◆ **YOUR INSTRUCTIONS**
Leaving out every picture, copy the lines of the material below exactly, from the line containing "reclining chair ottoman sets" through the line containing "Artist Turns Famous".

◆ **EXERCISE DATA**
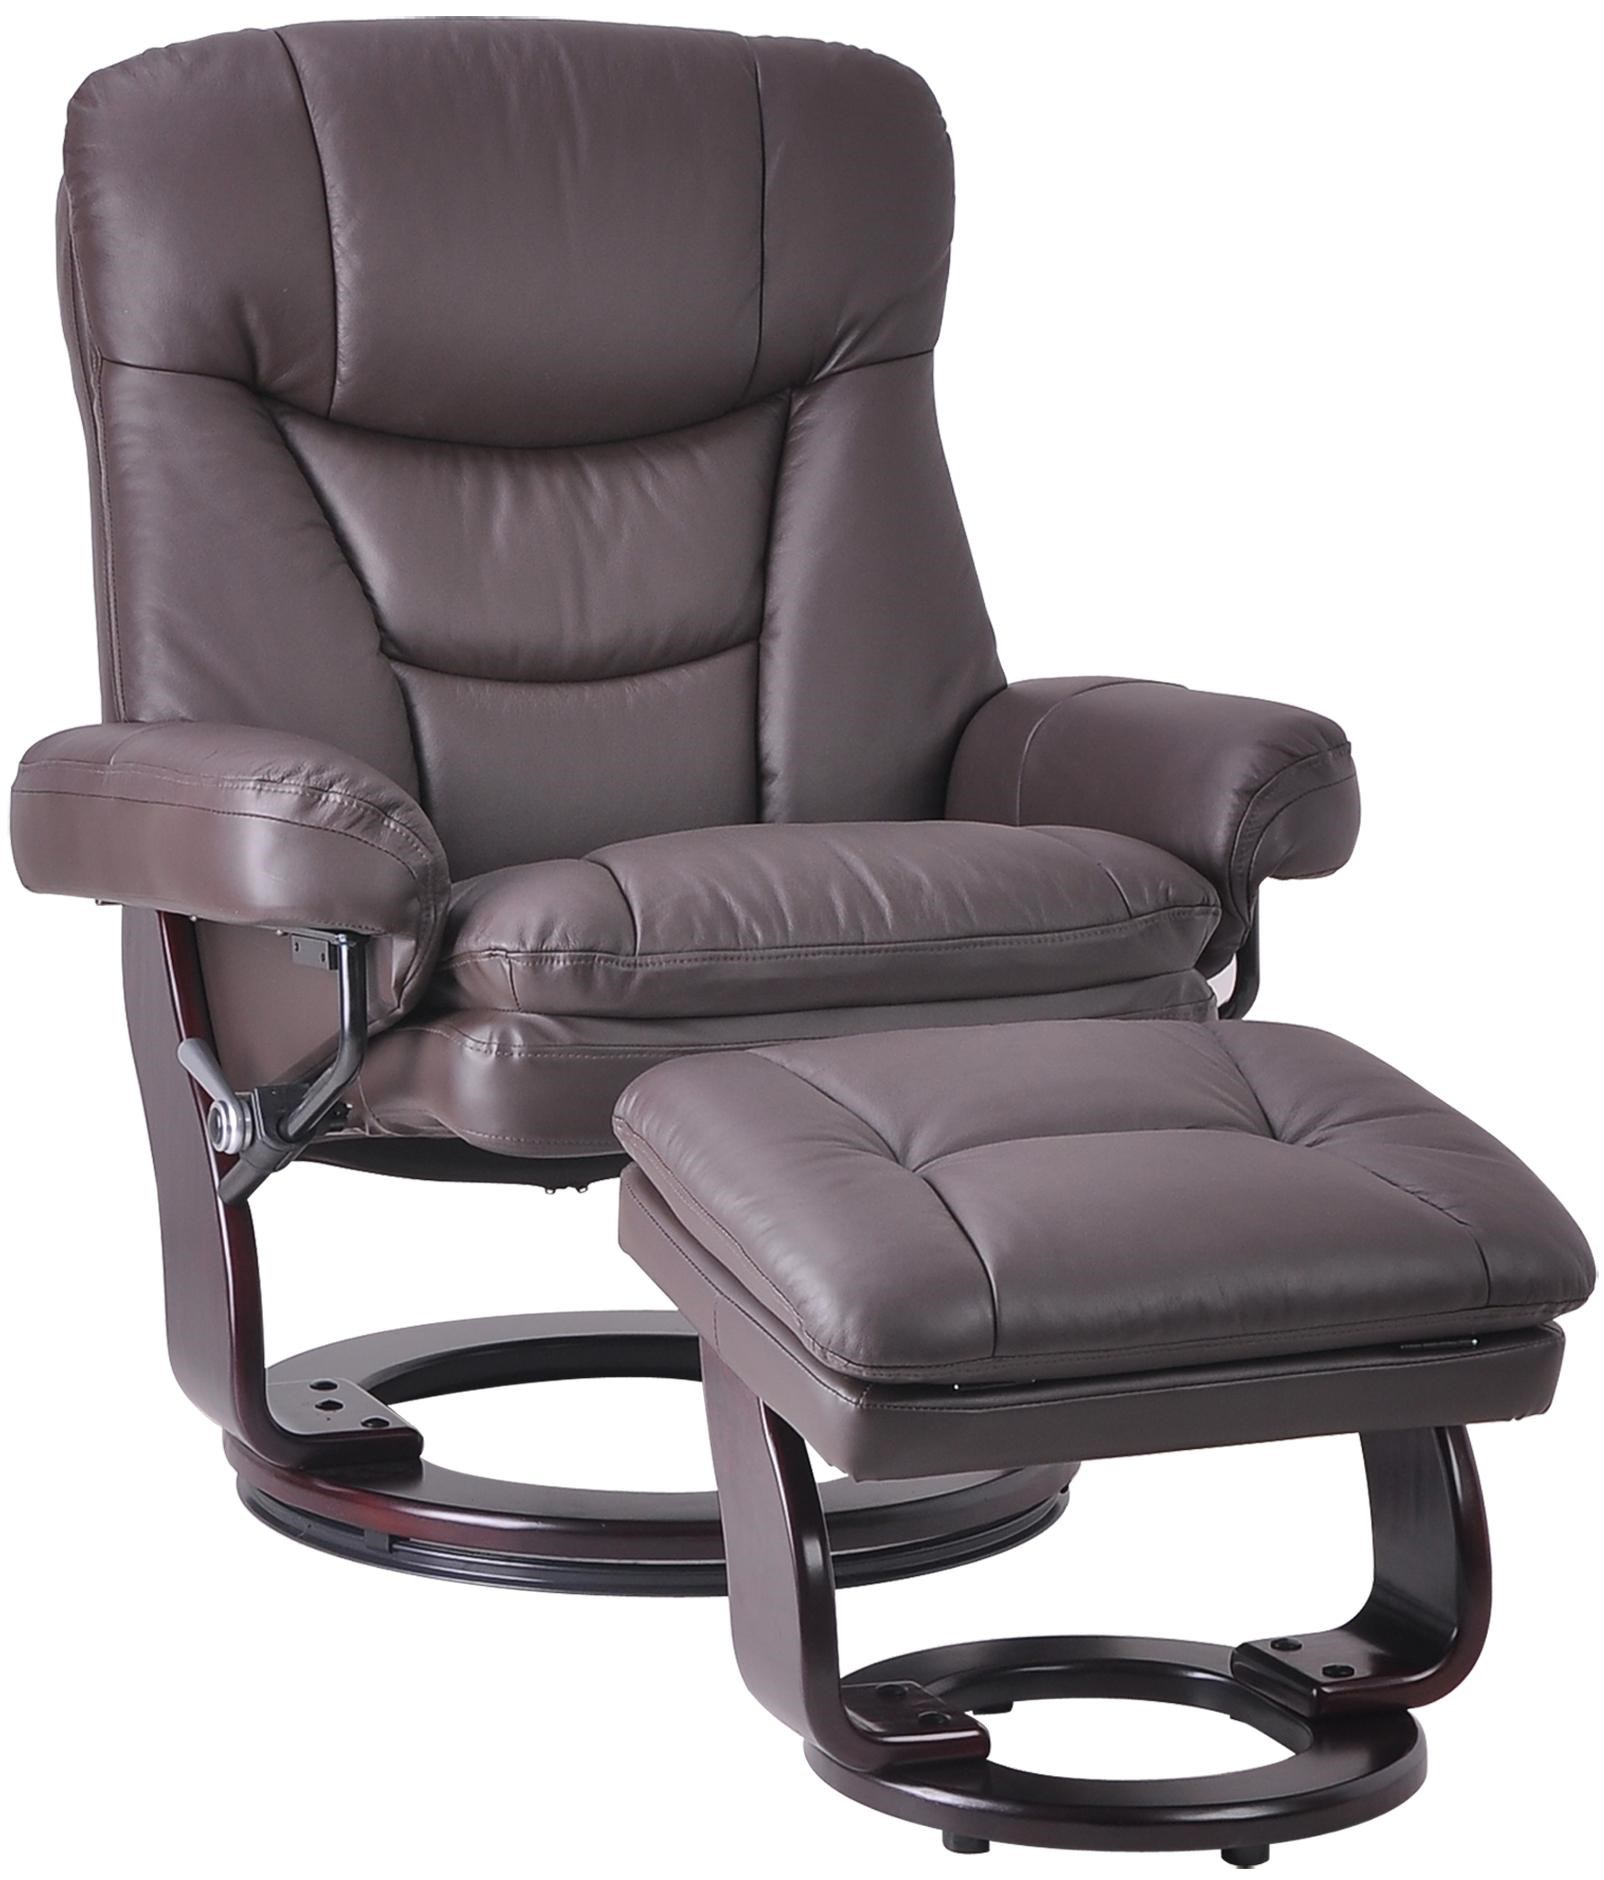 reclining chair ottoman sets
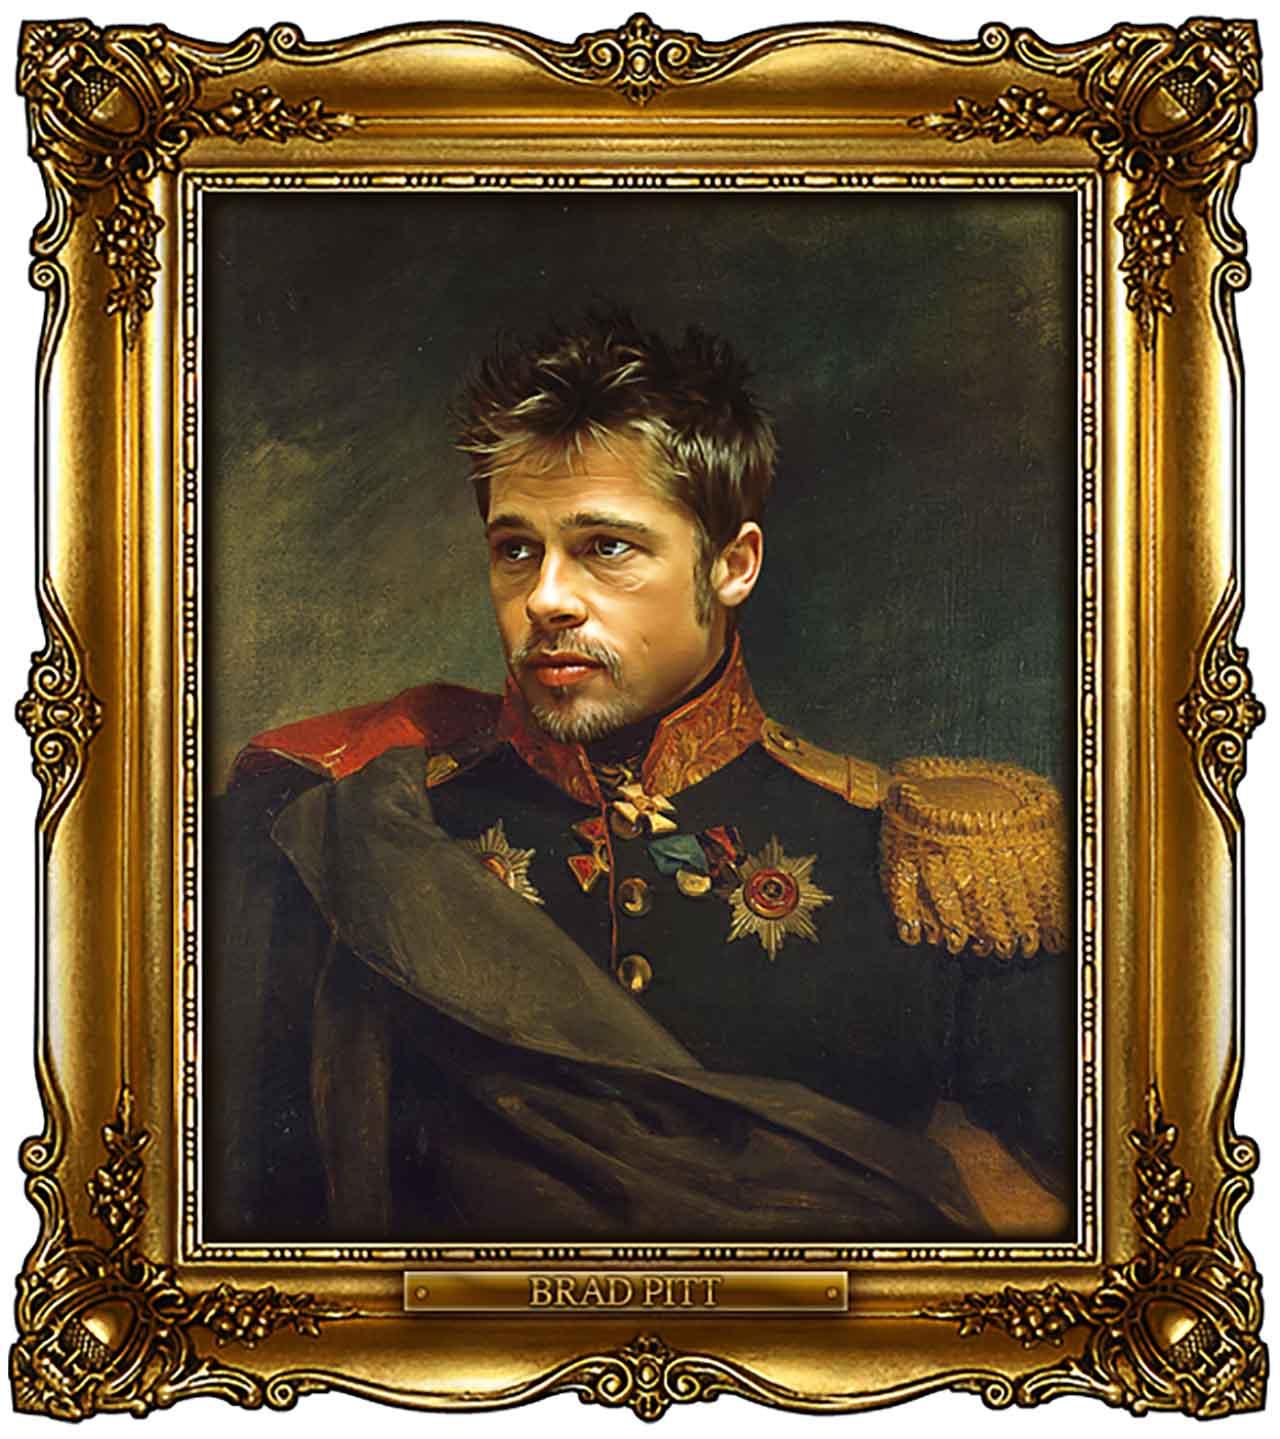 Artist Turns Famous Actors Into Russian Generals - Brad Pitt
...
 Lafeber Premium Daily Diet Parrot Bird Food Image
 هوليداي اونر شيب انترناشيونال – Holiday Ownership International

◆ **RESPONSE TO THIS TASK**
 reclining chair ottoman sets
 Artist Turns Famous Actors Into Russian Generals - Brad Pitt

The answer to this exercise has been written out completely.